**Information provided**
════════

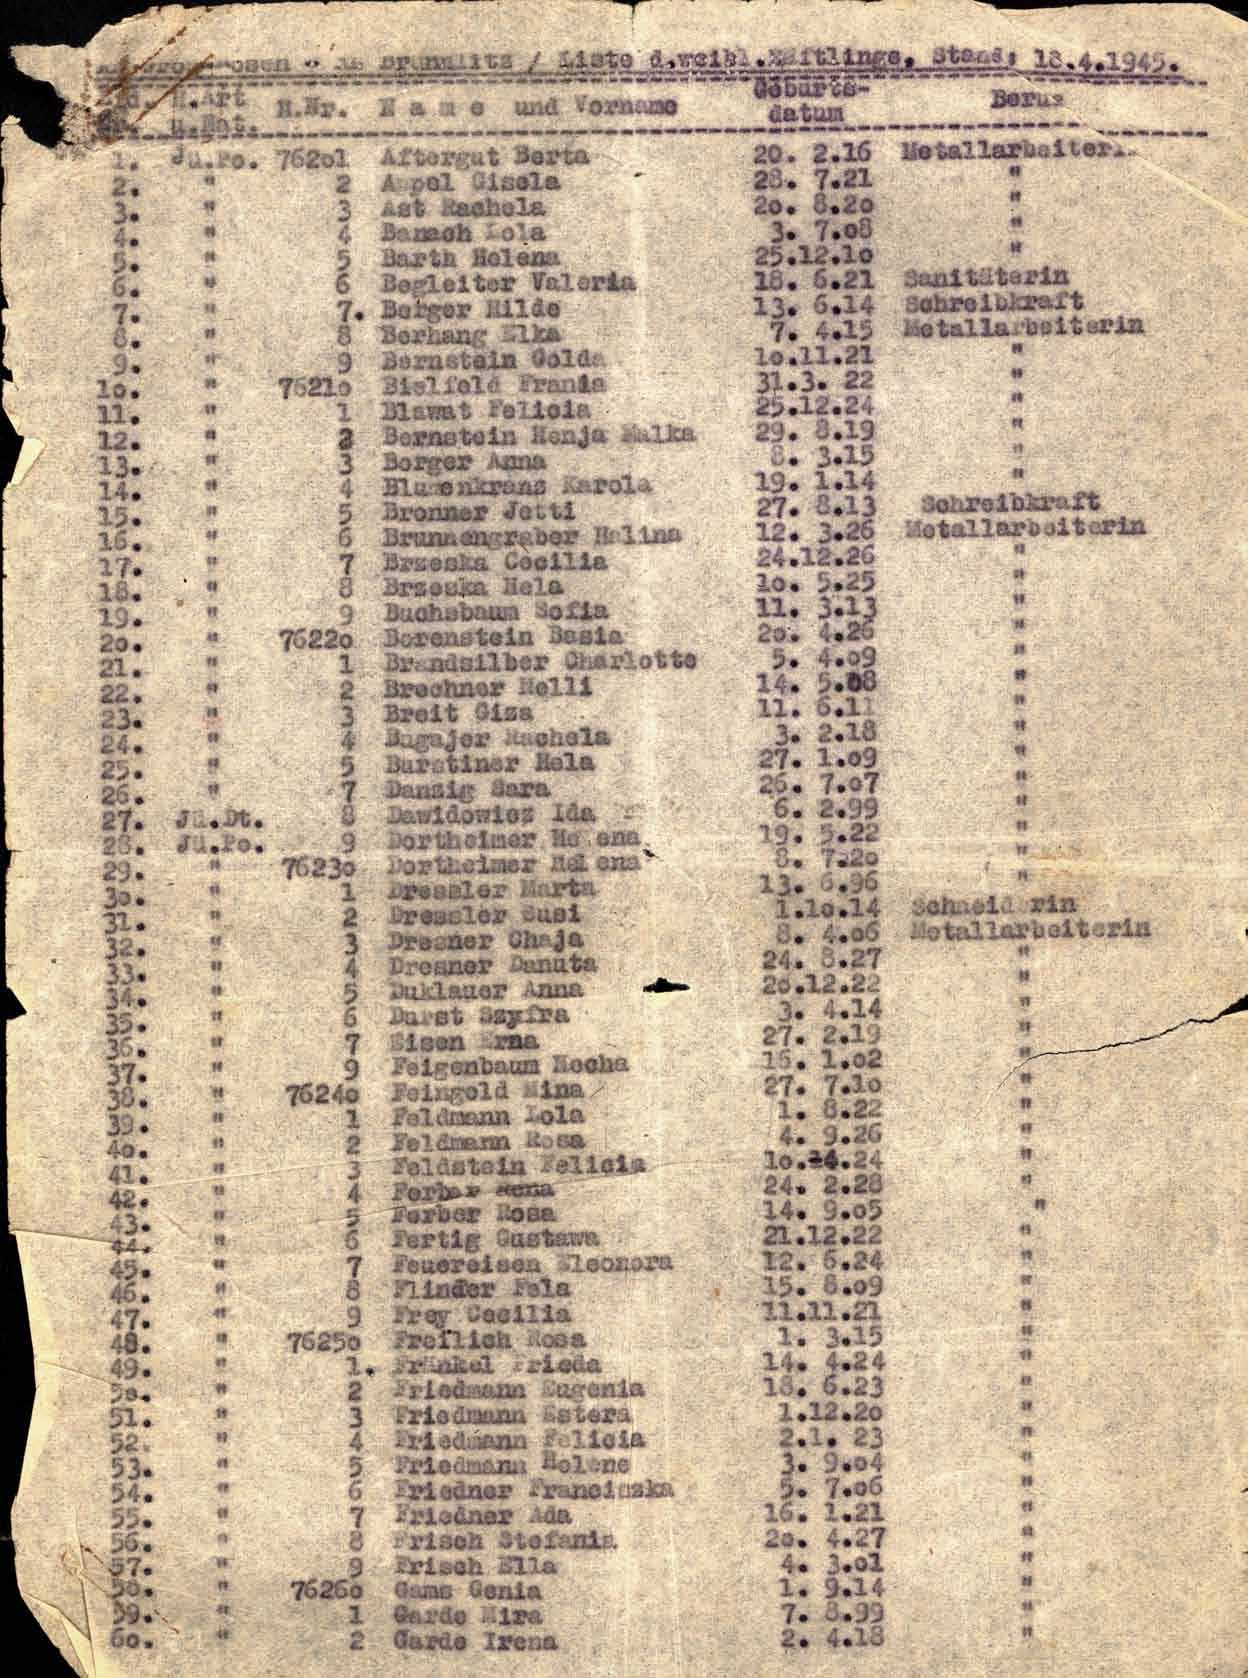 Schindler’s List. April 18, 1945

════════

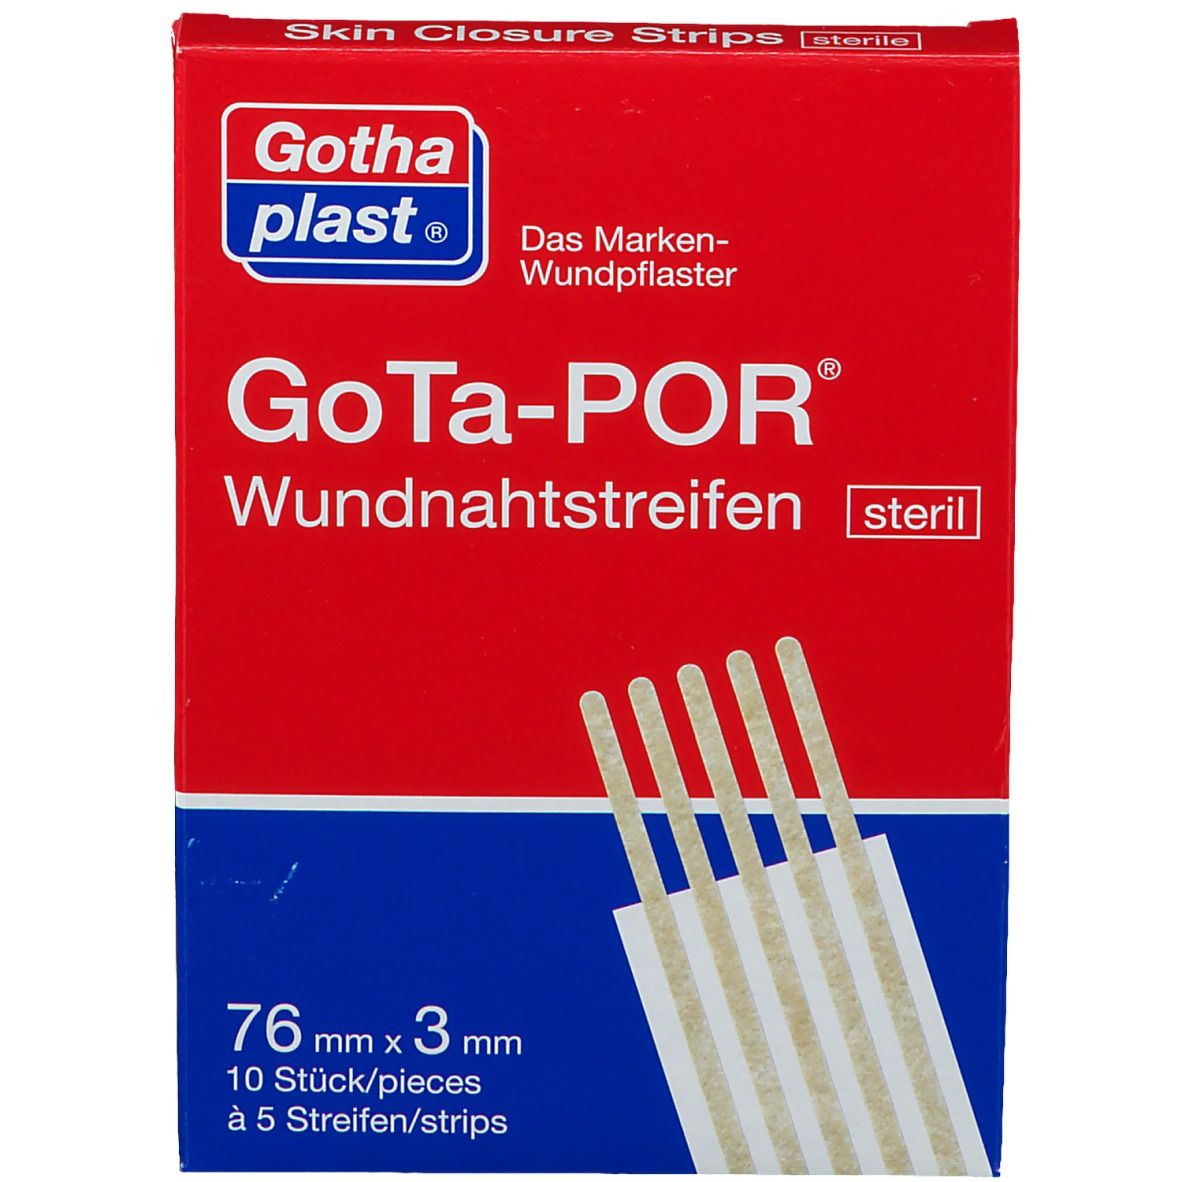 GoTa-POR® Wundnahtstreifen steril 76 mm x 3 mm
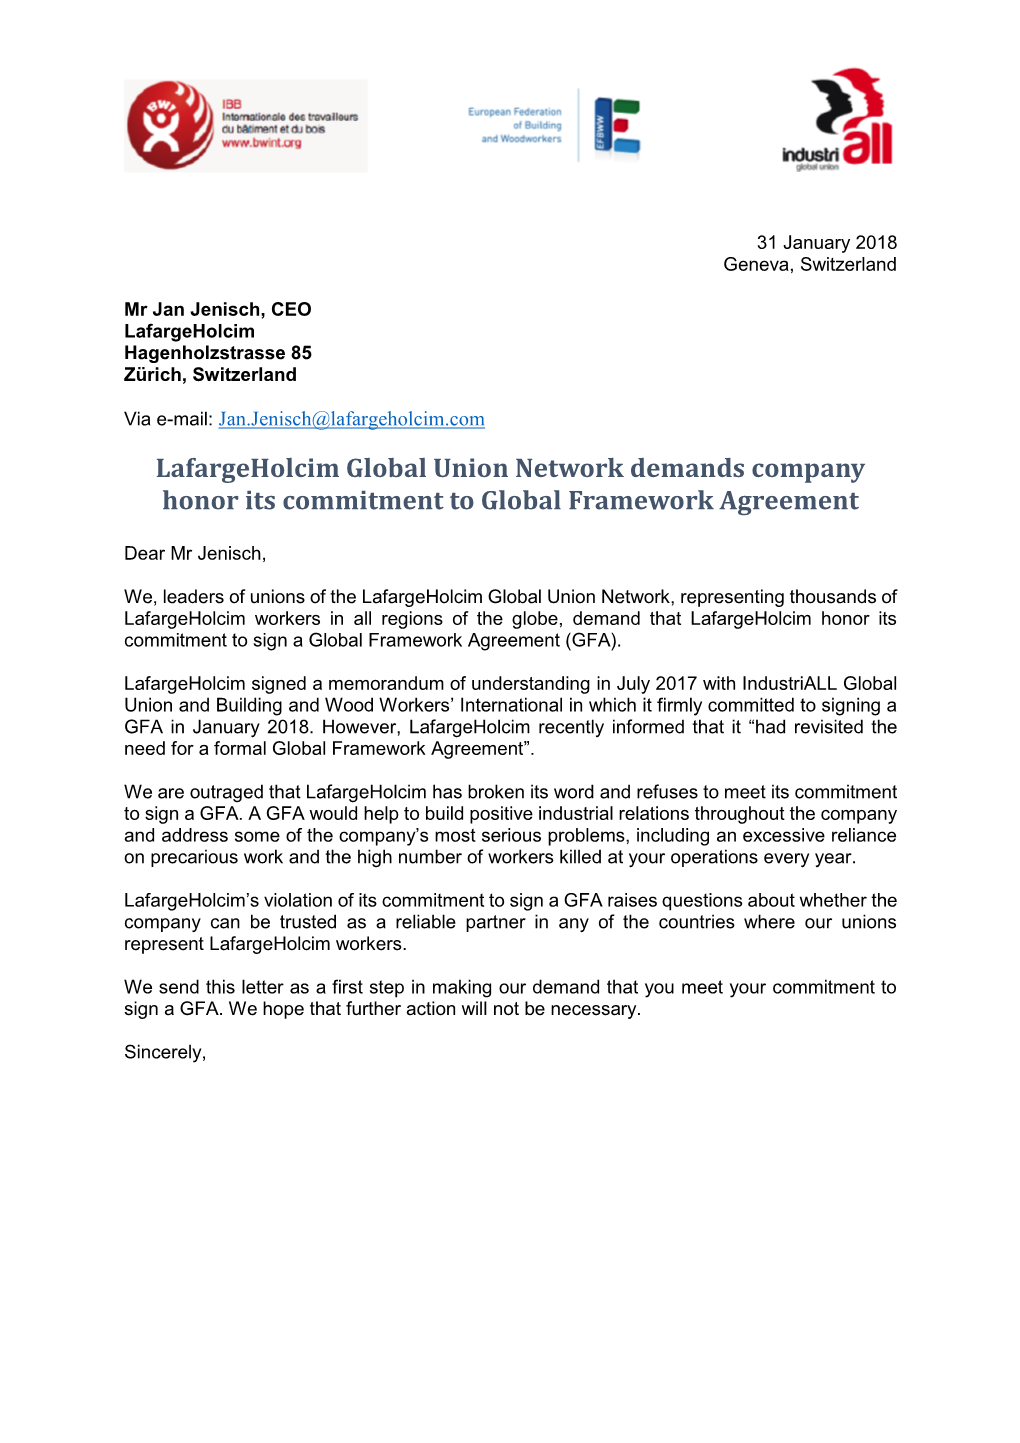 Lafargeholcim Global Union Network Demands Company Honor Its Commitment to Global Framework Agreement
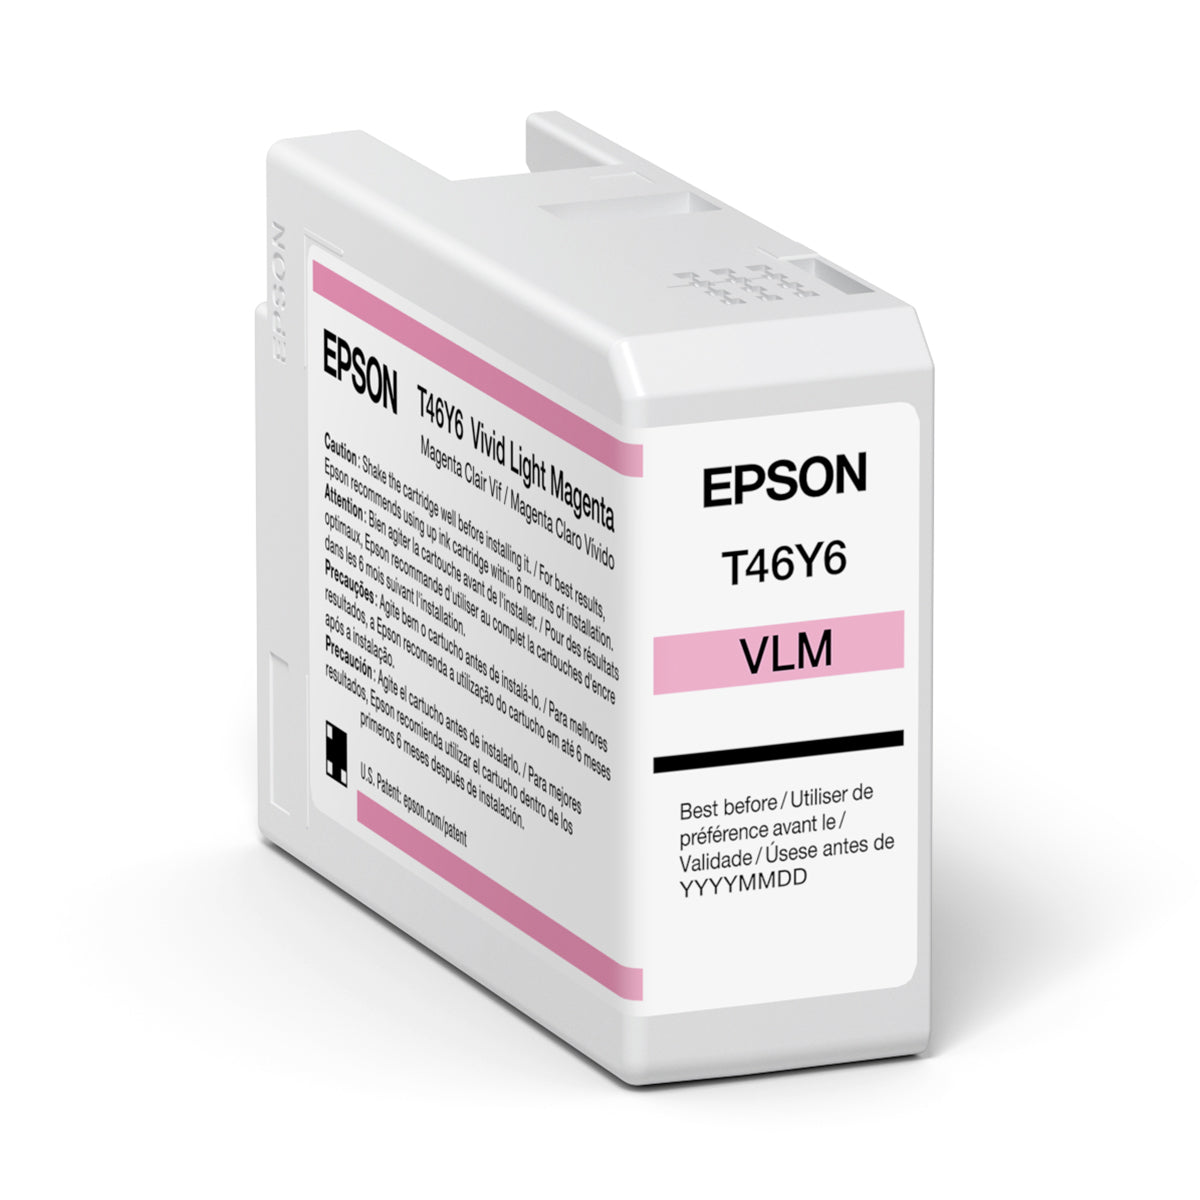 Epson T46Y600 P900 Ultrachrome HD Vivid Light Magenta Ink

════════

**Requirement**
Above are records; write out the lines from the one with "Lafargeholcim Global Union" down to the one with "Epson T46Y600 P900", exactly, leaving the pictures out.

**Task output**
 Lafargeholcim Global Union Network Demands Company Honor Its Commitment to Global Framework Agreement
 Epson T46Y600 P900 Ultrachrome HD Vivid Light Magenta Ink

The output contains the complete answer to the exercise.